- Problem statement: Could you output each line below precisely as it stands, without the images?

(Dataset section begins)

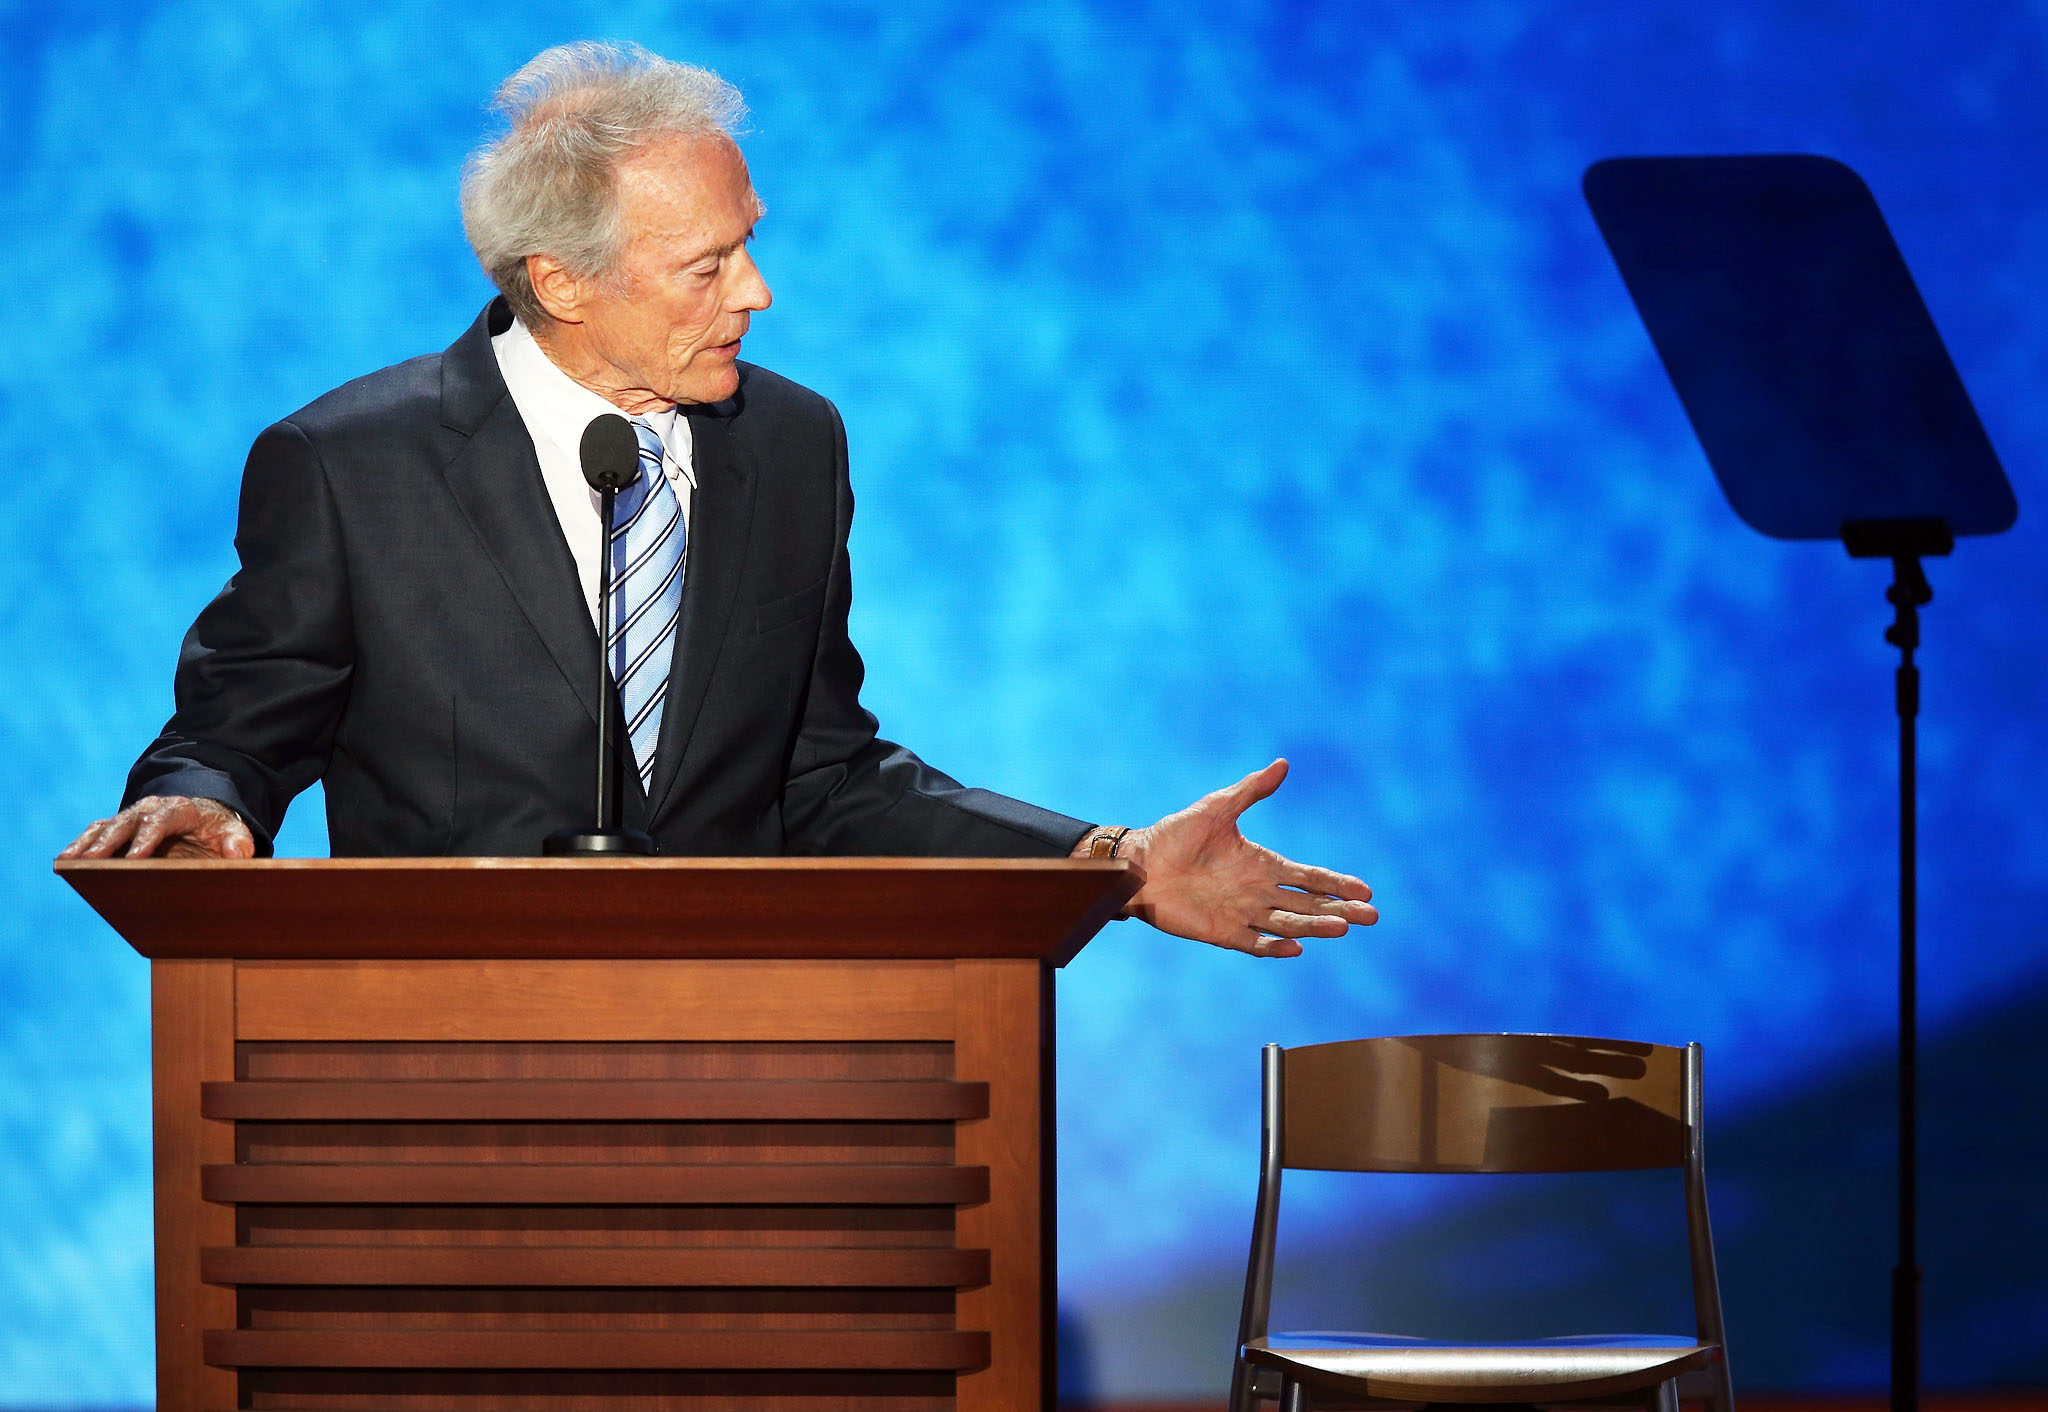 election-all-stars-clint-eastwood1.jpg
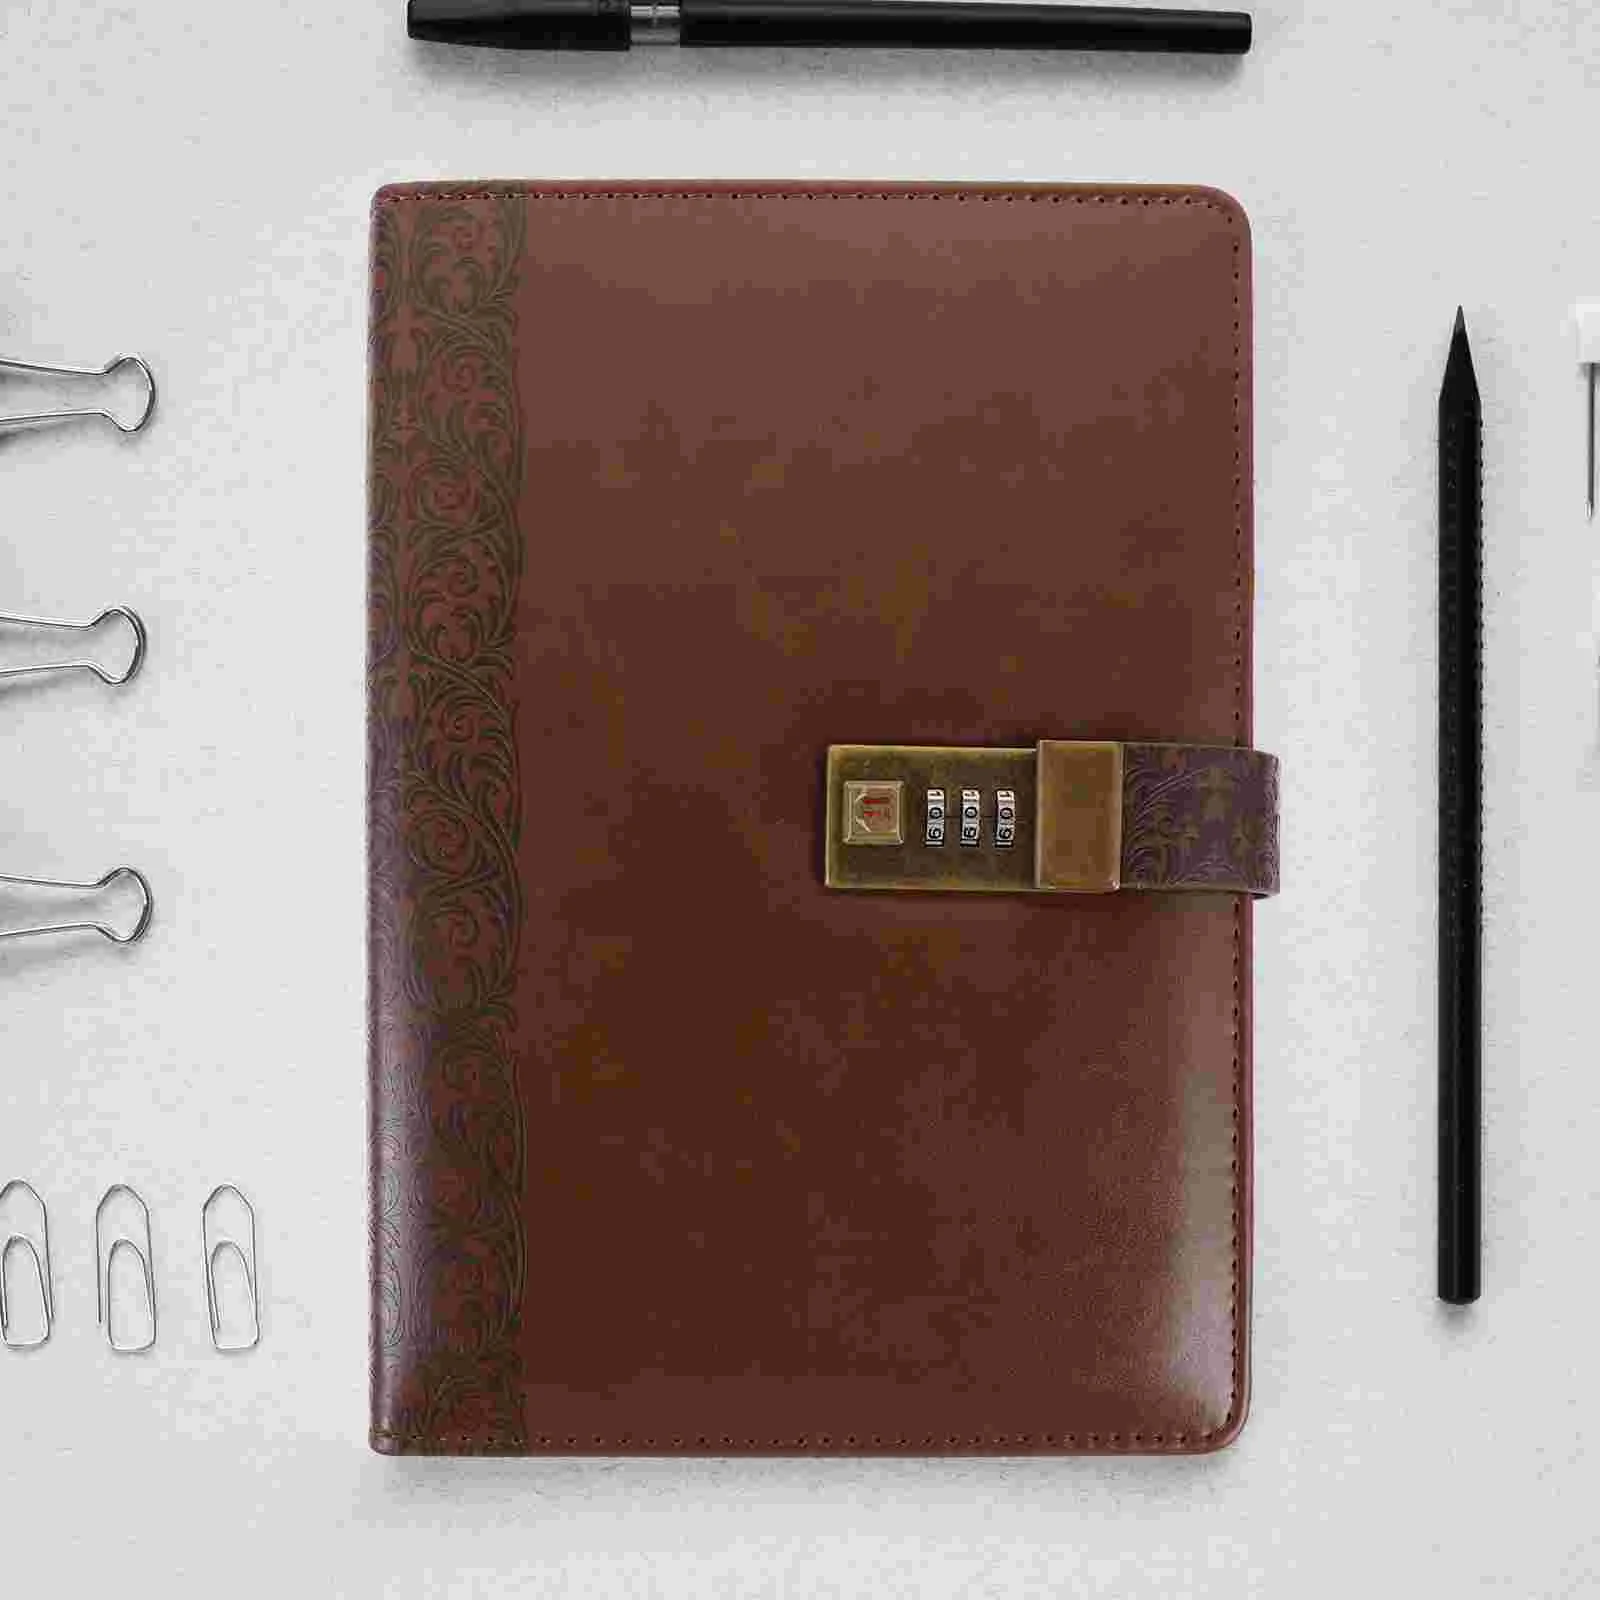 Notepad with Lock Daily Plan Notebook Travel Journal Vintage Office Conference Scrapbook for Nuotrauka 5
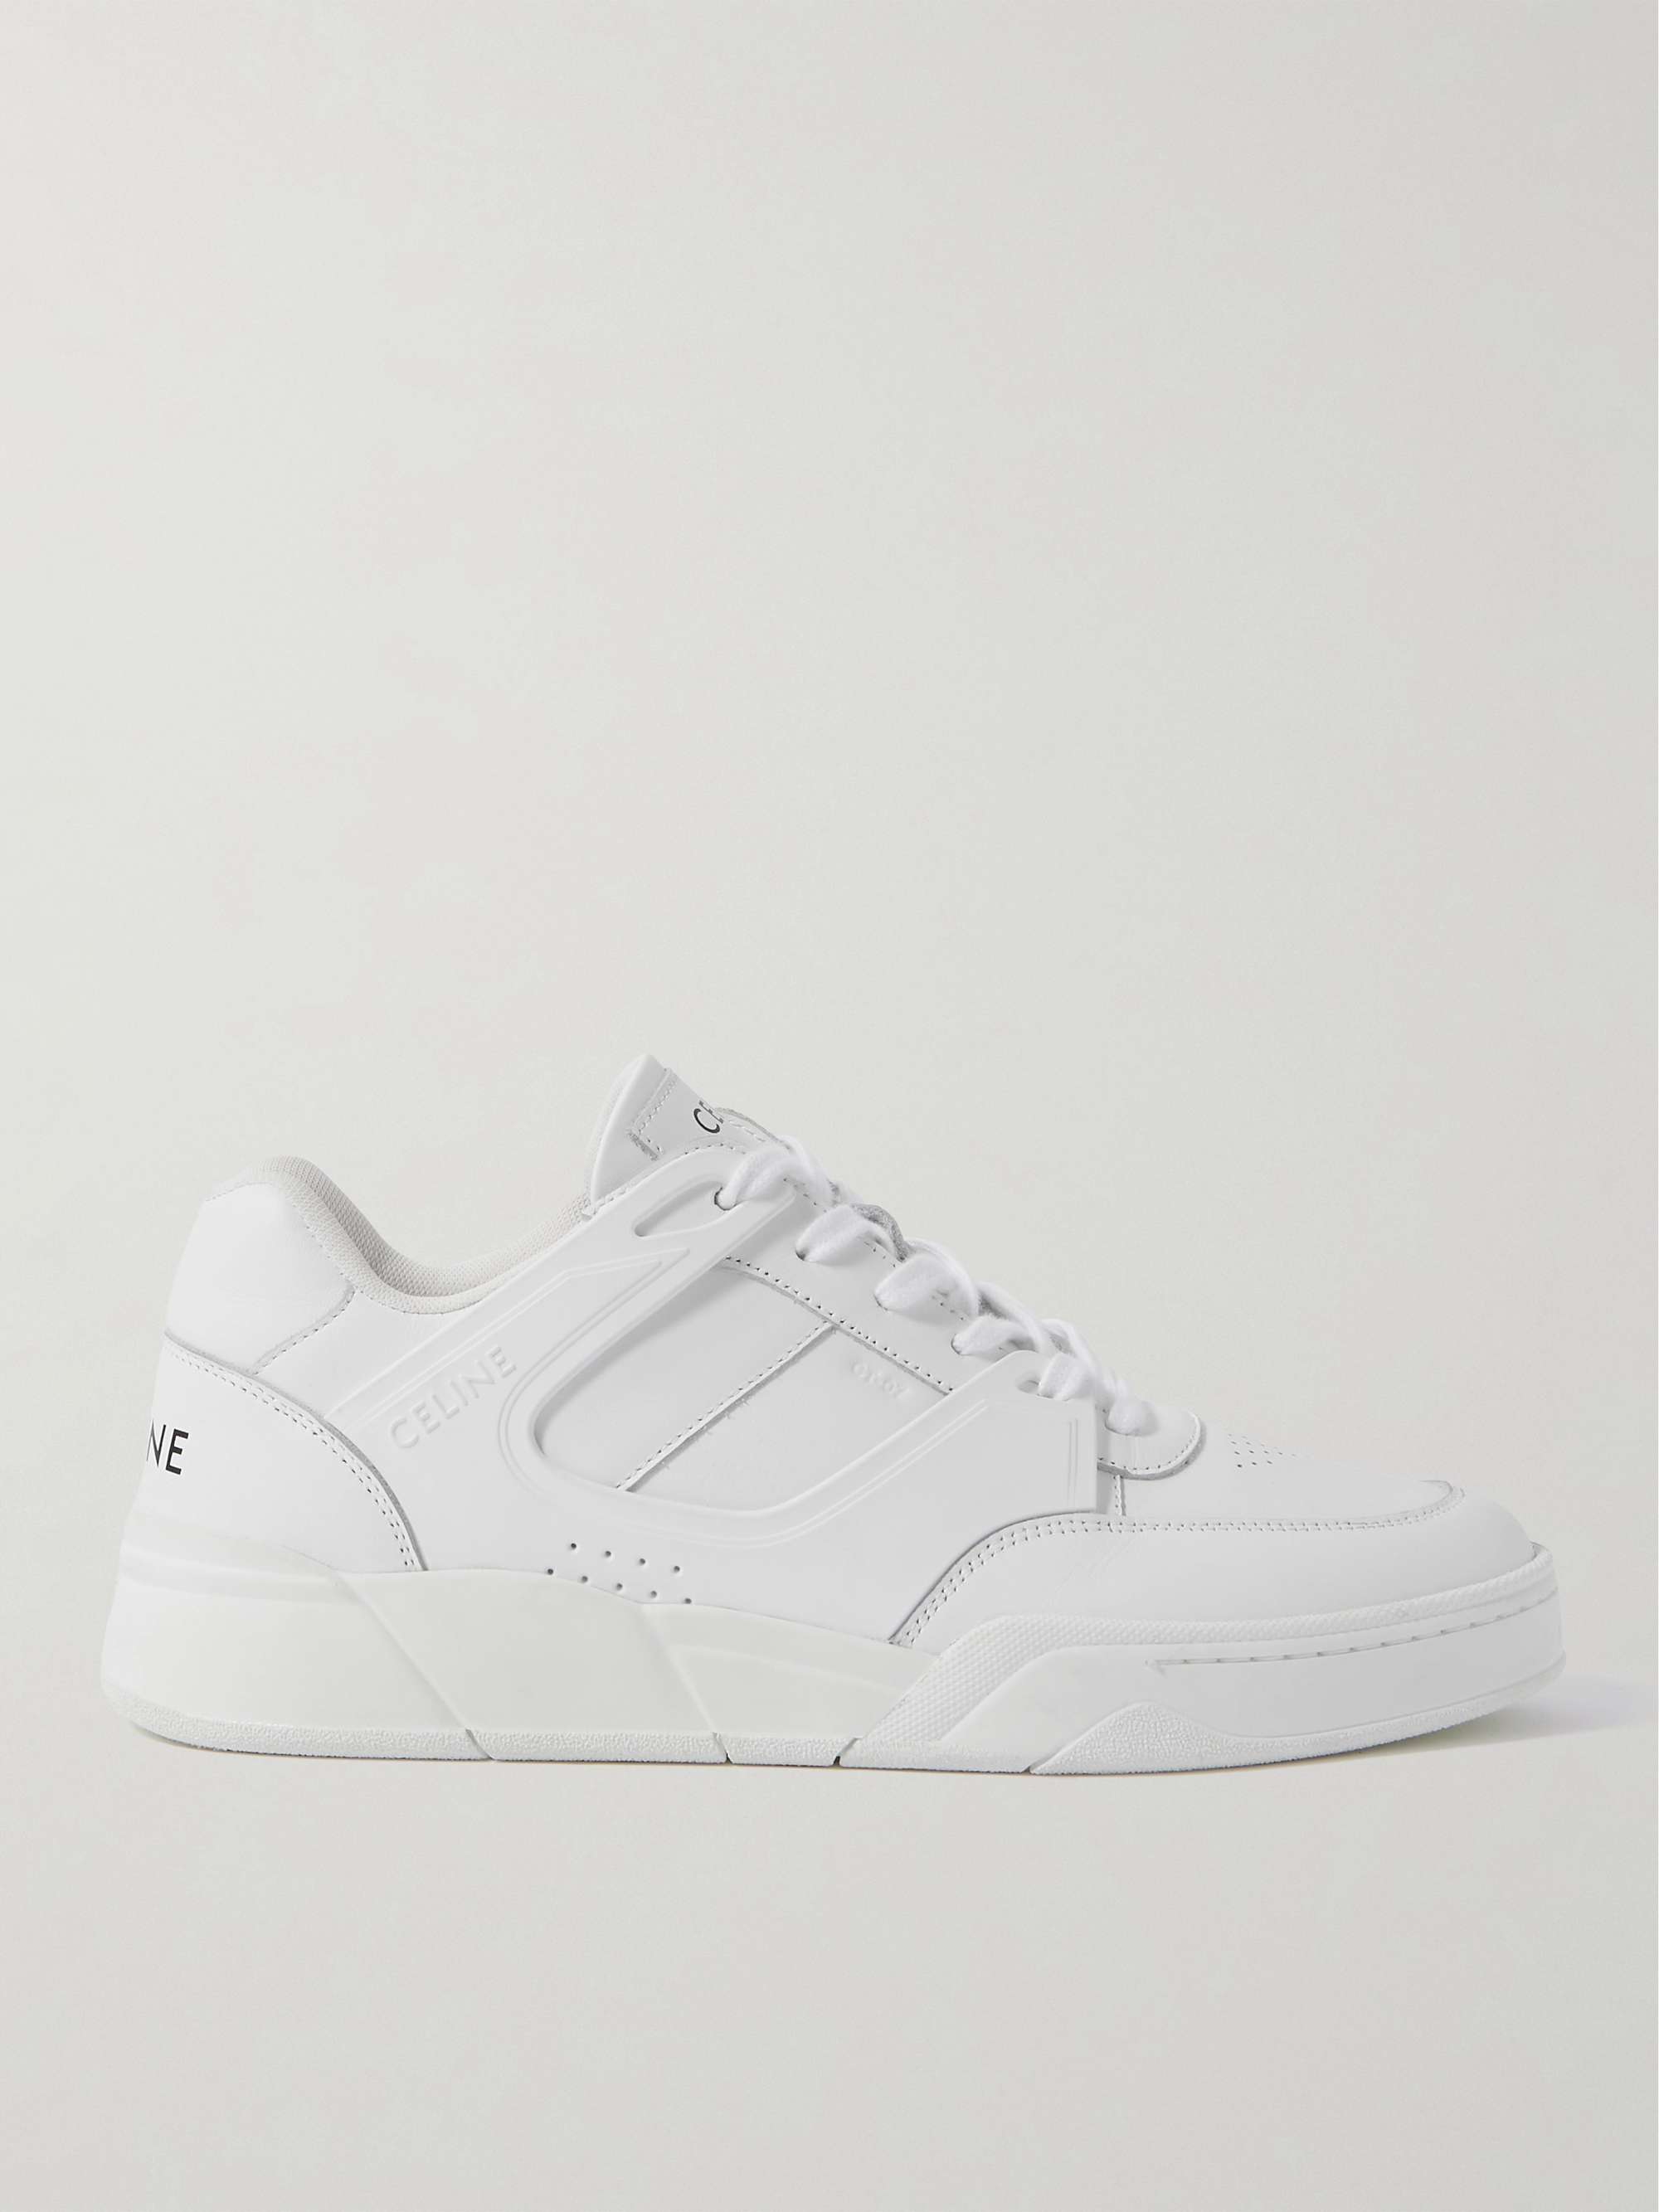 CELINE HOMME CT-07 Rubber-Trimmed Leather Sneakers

(Dataset section ends)

- Response to the task:
 election-all-stars-clint-eastwood1.jpg
 Notepad with Lock Daily Plan Notebook Travel Journal Vintage Office Conference Scrapbook for Nuotrauka 5
 CELINE HOMME CT-07 Rubber-Trimmed Leather Sneakers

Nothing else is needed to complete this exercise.